══ Supplied information ══
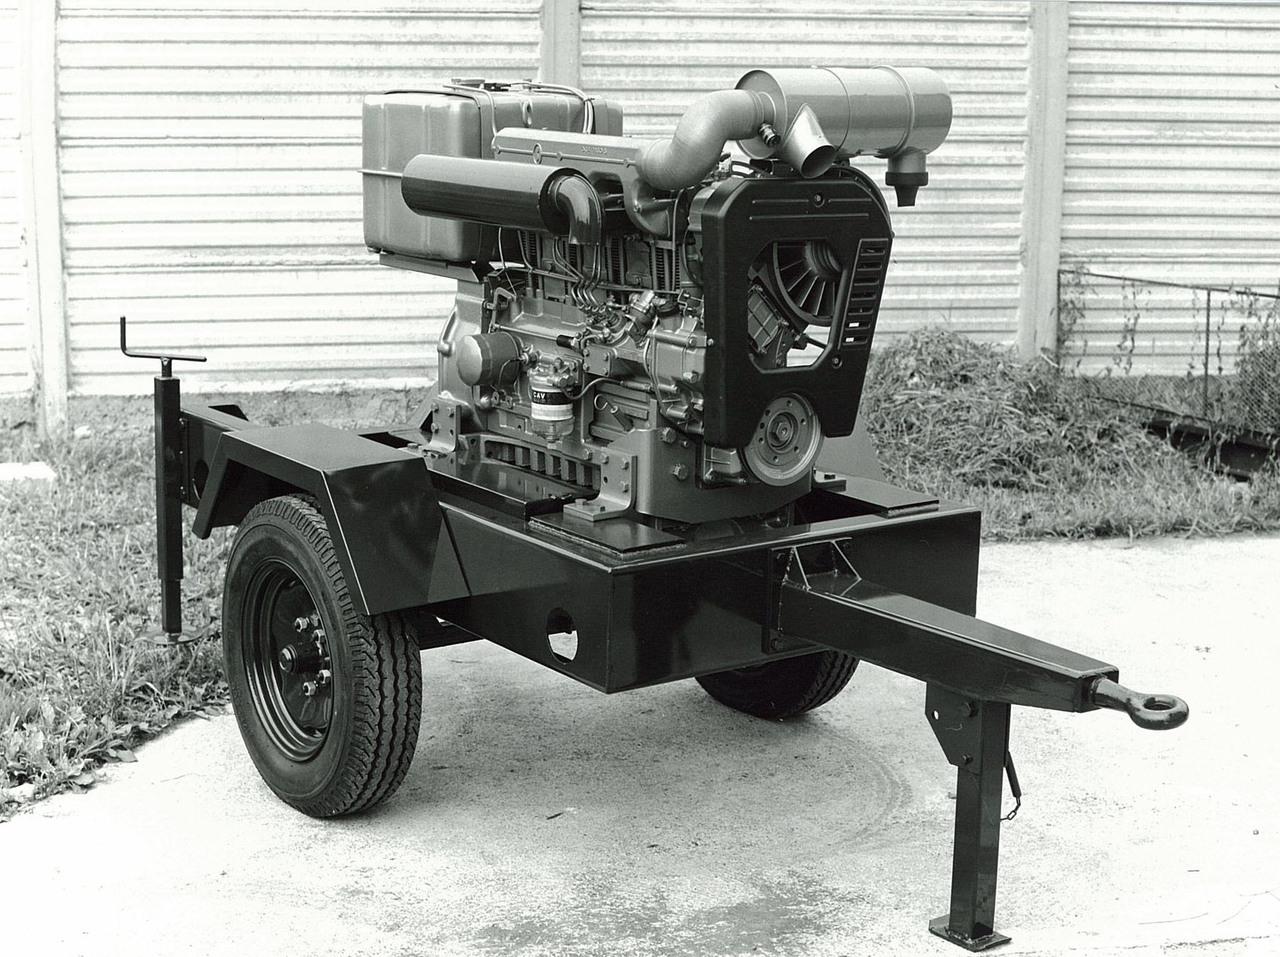 Motore SAME/ADIM serie P per uso industriale - 4 cilindri su carrello
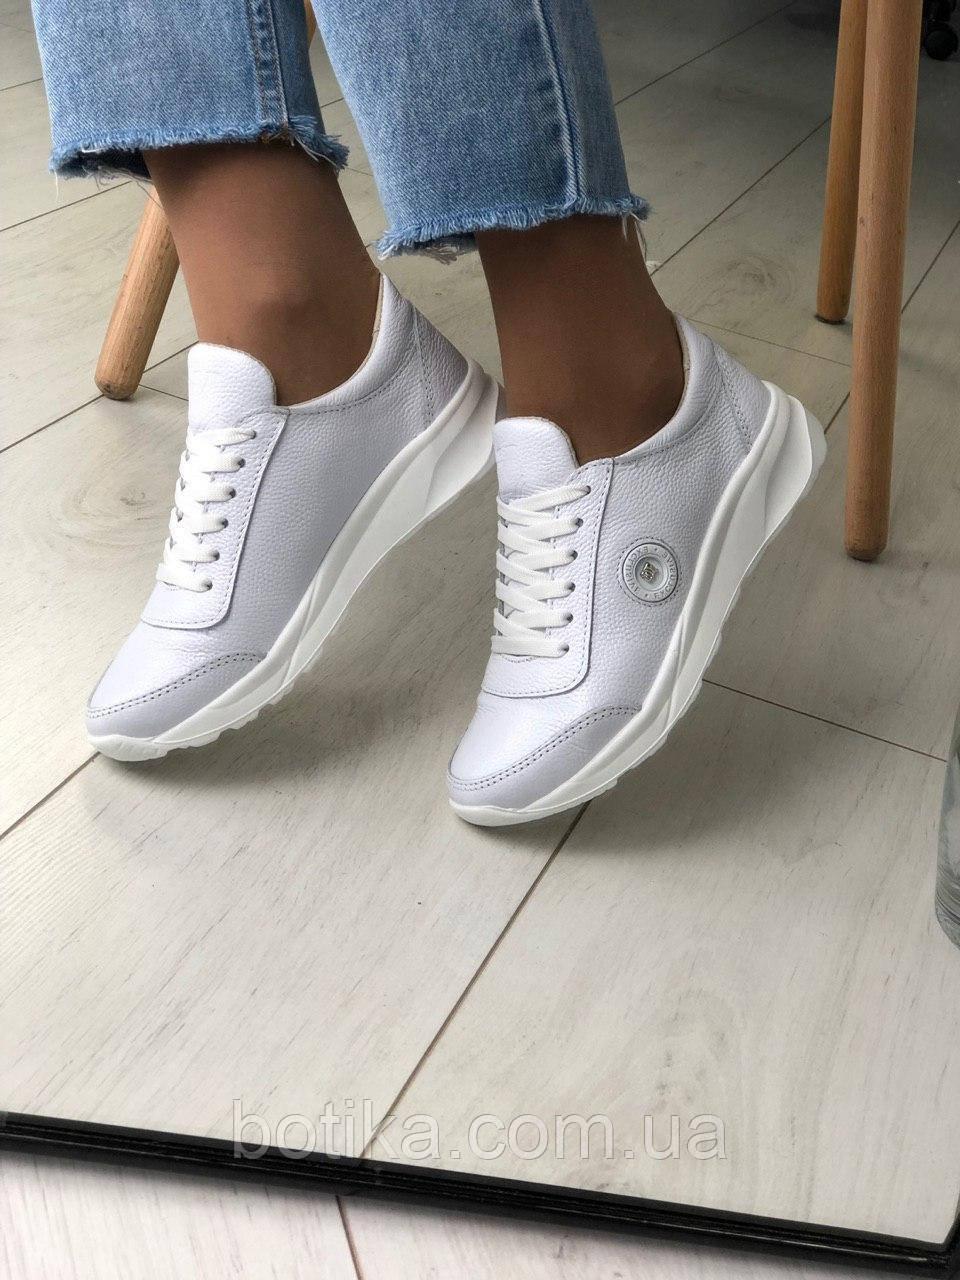 Классные кожаные женские кроссовки на шнурках белые
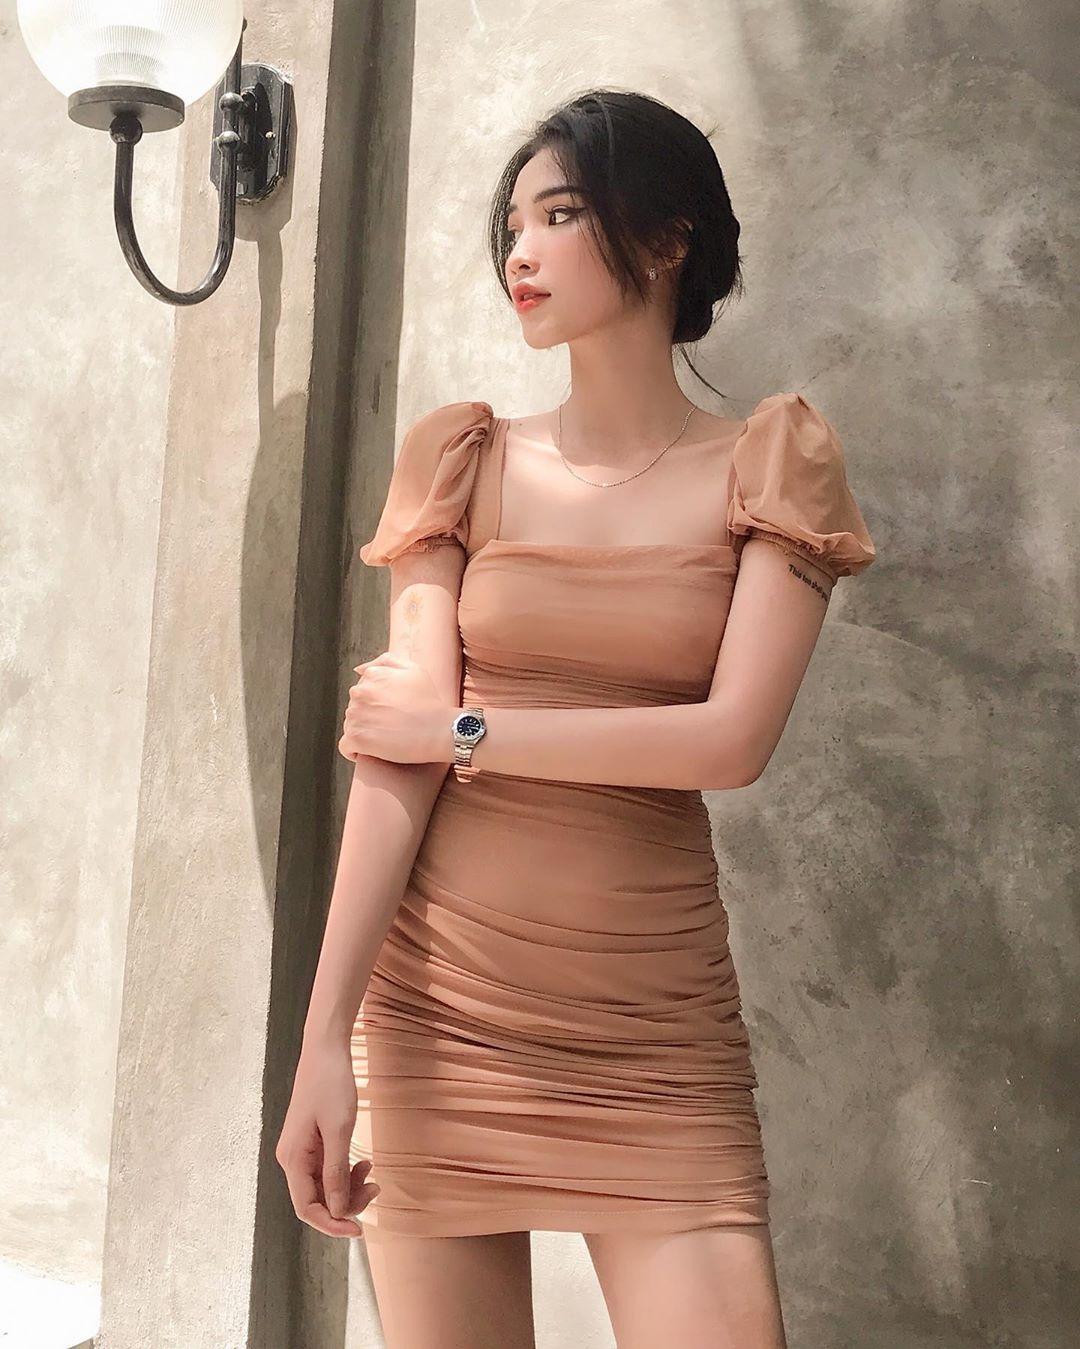 """Vừa che được bắp tay to còn """"hack tuổi"""" đáng kể, bảo sao cả loạt mỹ nhân Vbiz đều đang thi nhau diện kiểu váy áo này - Ảnh 13."""
═══
Task statement
Repeat the material above verbatim, with no pictures in the output.

Written solution
 Motore SAME/ADIM serie P per uso industriale - 4 cilindri su carrello
 Классные кожаные женские кроссовки на шнурках белые
 """Vừa che được bắp tay to còn """"hack tuổi"""" đáng kể, bảo sao cả loạt mỹ nhân Vbiz đều đang thi nhau diện kiểu váy áo này - Ảnh 13."""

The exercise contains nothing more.